Ключові слова: світогляд; темпоральність; традиційне суспільство; епоха модерну; суспільство ризику; модернізація

Будущее как темпорально-мировоззренческий нарратив западной культуры

Осадчая Лариса Васильевна Кандидат философских наук, доцент,

Национальная академия руководящих кадров культуры и искусств

Аннотация

Цель статьи -- выяснить социально-культурные условия, повлиявшие на формирование такого исторического периода европейской истории, как модерн, который отличается специфическим темпоральным фокусом мировосприятия. Историческая стратегия обоснования базируется на двух временных измерениях: сконструированном или даже идеализированном прошлом и его наследнике -- настоящем. Поэтому ориентированное на будущее мировоззрение, возникшее в европейской культуре эпохи модерна, является мировоззренческим нонсенсом. Особенности его формирования и анализируются в статье. Теоретический базис исследования составляют классические работы просветителей, которые первыми начали рассматривать историческую динамику как явление планетарного масштаба, а человечество как «незавершенный проект» не только естественной эволюции, но и истории. Историософские работы Джорджа Коллингвуда, Жака Ле Гоффа, Йонаса Алскофа подтверждают тезис о том, что модерная европейская культура использует особенную временную шкалу, где будущее является горизонтом целеполагания, а не прошлые «золотые времена», которые в домодерный период воспринимались как образец для бесконечного подражания. Вместе с тем в своем исследовании Осиас Мотт уточняет, что будущее как временное измерение потеряло свои оптимистически-технологические коннотации в современной западной культуре и все больше ассоциируется с рисками и неопределенностью. Научная новизна. Доказывается утверждение, что в модерную эпоху сформировались уникальные мировоззренческие характеристики, которые определяют специфику европейского культурного этоса, а именно -- способ восприятия времени. Неопределенность будущего впервые начала пониматься оптимистически, а ожидания располагались на горизонте линейного секулярного времени. Выводы. Мировоззренческие сдвиги европейской культуры в модерную эпоху, ассоциирующиеся с Просвещением, сформировались под влиянием методологии естественных наук. Например, история цивилизаций интерпретировалась как продолжение геологической истории планеты; объект социально-философских рефлексий приобрел глобальные масштабы -- больше не говорилось об истории отдельных сообществ, но в фокусе внимания оказался прогресс всего человеческого вида; стадии социальной эволюции считались определенными и неизбежными для прохождения всеми обществами. Координаты модерного мировосприятия -- «здесь» и «сейчас» -- постепенно теряли свою связь с прошлым и ориентировались на будущее, которое зависимо от человеческих стремлений и усилий.
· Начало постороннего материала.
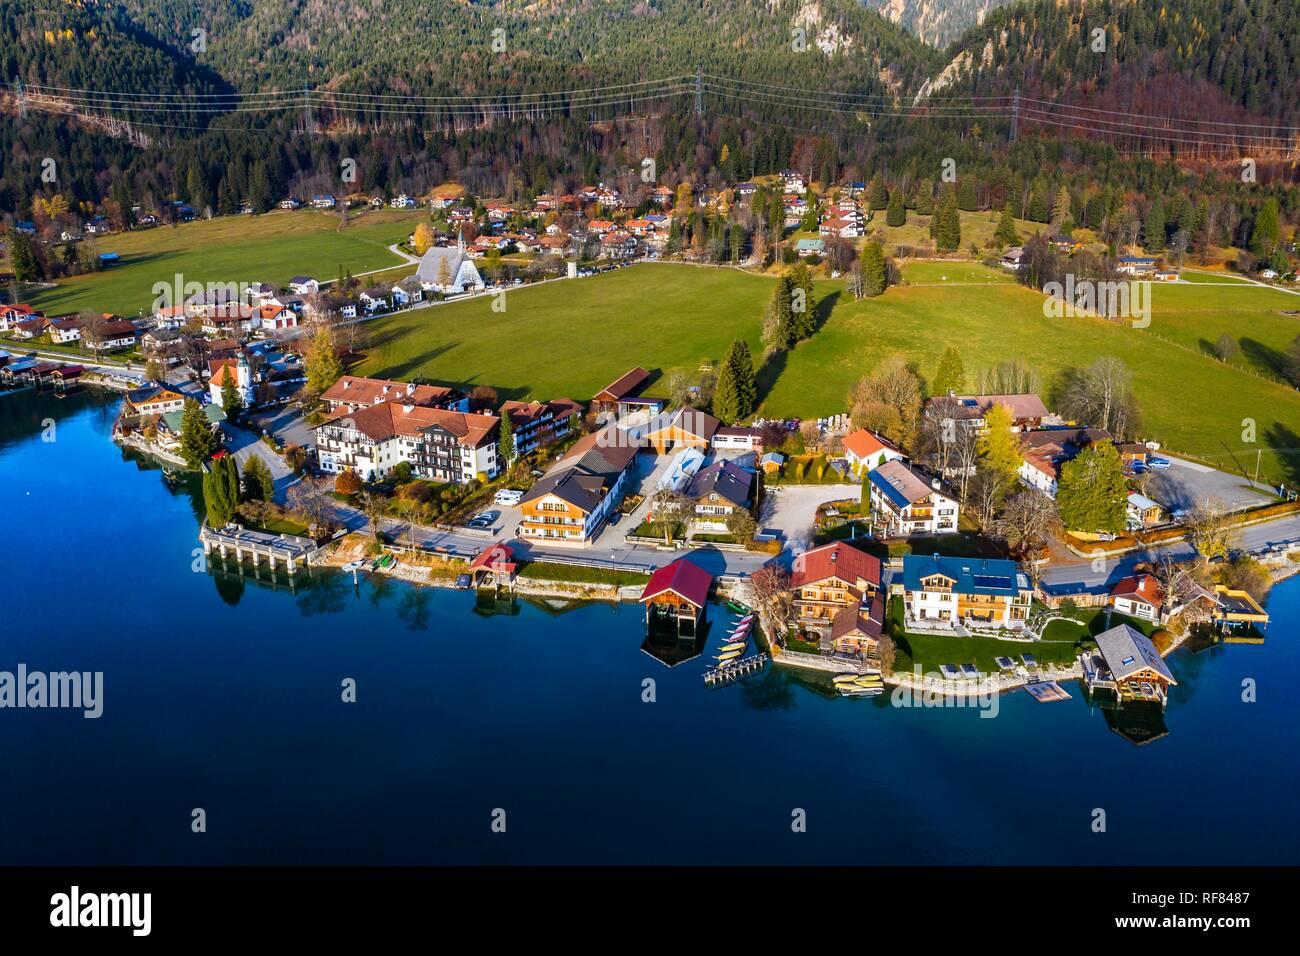 Drone shot, Walchensee, Upper Bavaria, Bavaria, Germany - Stock Image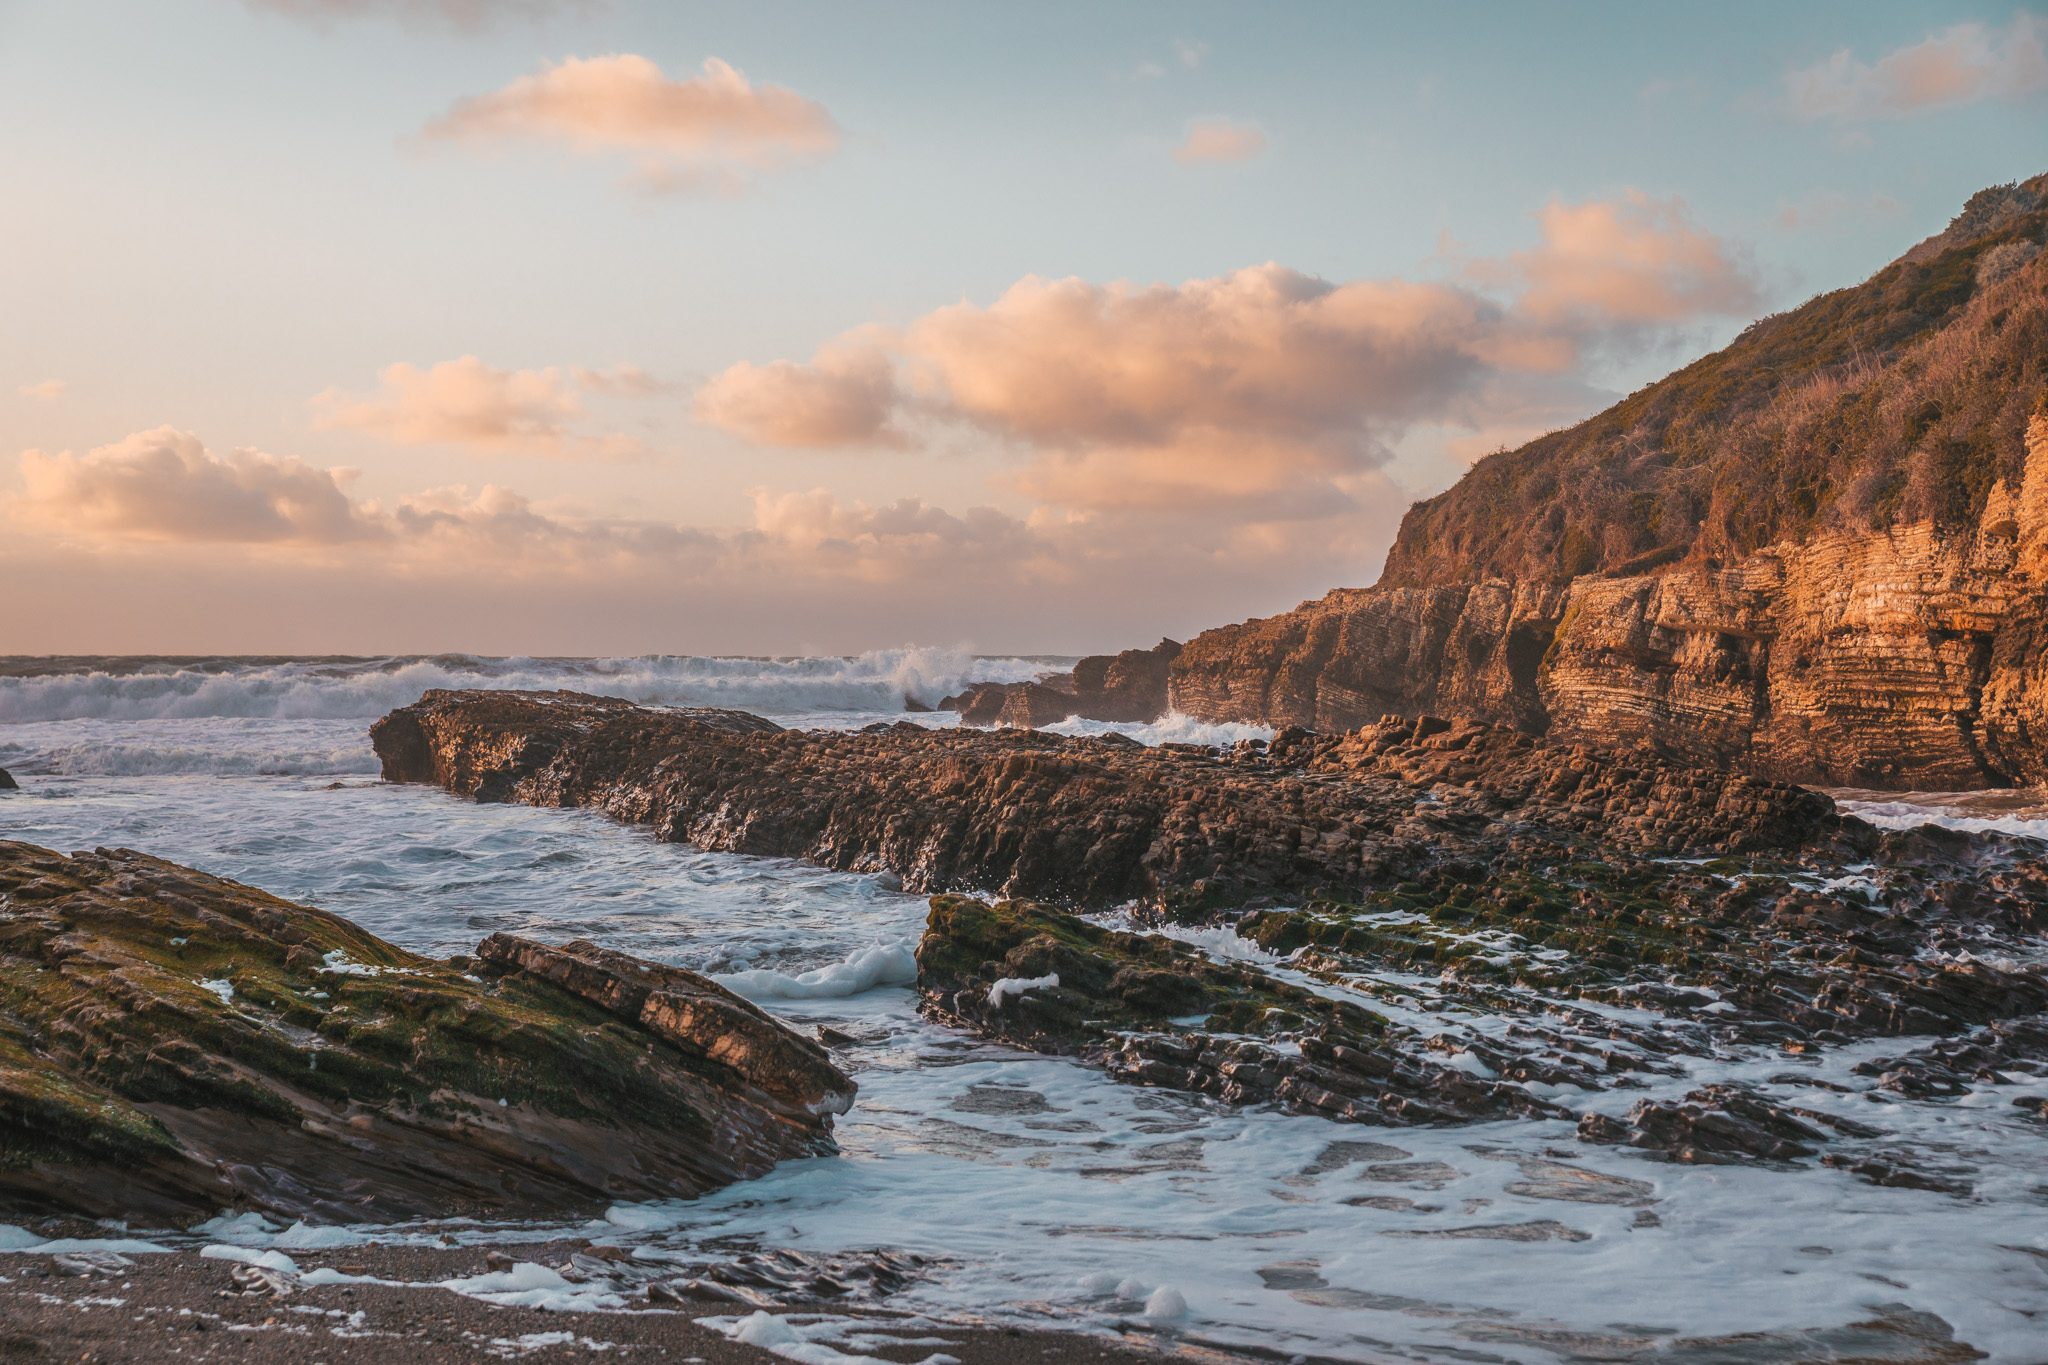 Spooner's Cove ~ The Most Instagrammable Spots in SLO CAL County ~ #readysetjetset #slocal #california #blogpost #travel #sanluisobispo

Ключевые слова: мировоззрение; темпоральность; традиционное общество; эпоха модерна; общество риска; модернизация

Introduction

The forming of any kind of identity -- cultural, professional, gender, etc. -- requires posing self, or referring community, in the temporal and spatial dimensions. Whatever we aim to do could be fulfilled in some place, during some time duration. Both these factors compose the phenomenon called “life circumstances”. To be a human means to set yourself in time -- from the past, across the present, and into the future. In different cultural epochs, the past, the present, and the future were not equivalent in value. Traditional cultures (according to cultural classification that consists of traditional or agrarian, industrial, and information waves) assessed the past highest, it was perceived as a golden standard of the right life and decent behaviour. For many cultures, this worldview orientation is still valid. As for European civilization, the new kind of world-understanding has started to emerge in the late 17th and 18th centuries. Its main features were the growing importance of technical knowledge for the new industrial realm, the forming of self-relying attitude that symbolized the end of the religious type of worldview, the device of the universal, even geological, history of humankind. The future was imaged alike to the heavenly paradise in Medieval Christian consciousness. Nevertheless, in the Modern epoch, its main characteristics acquired absolutely pragmatic definitions, the future was interpreted as such that was accomplishable in real conditions of human life. Even nowadays, we appeal to the imagined future advantages while starting a business, planning some event or social activity.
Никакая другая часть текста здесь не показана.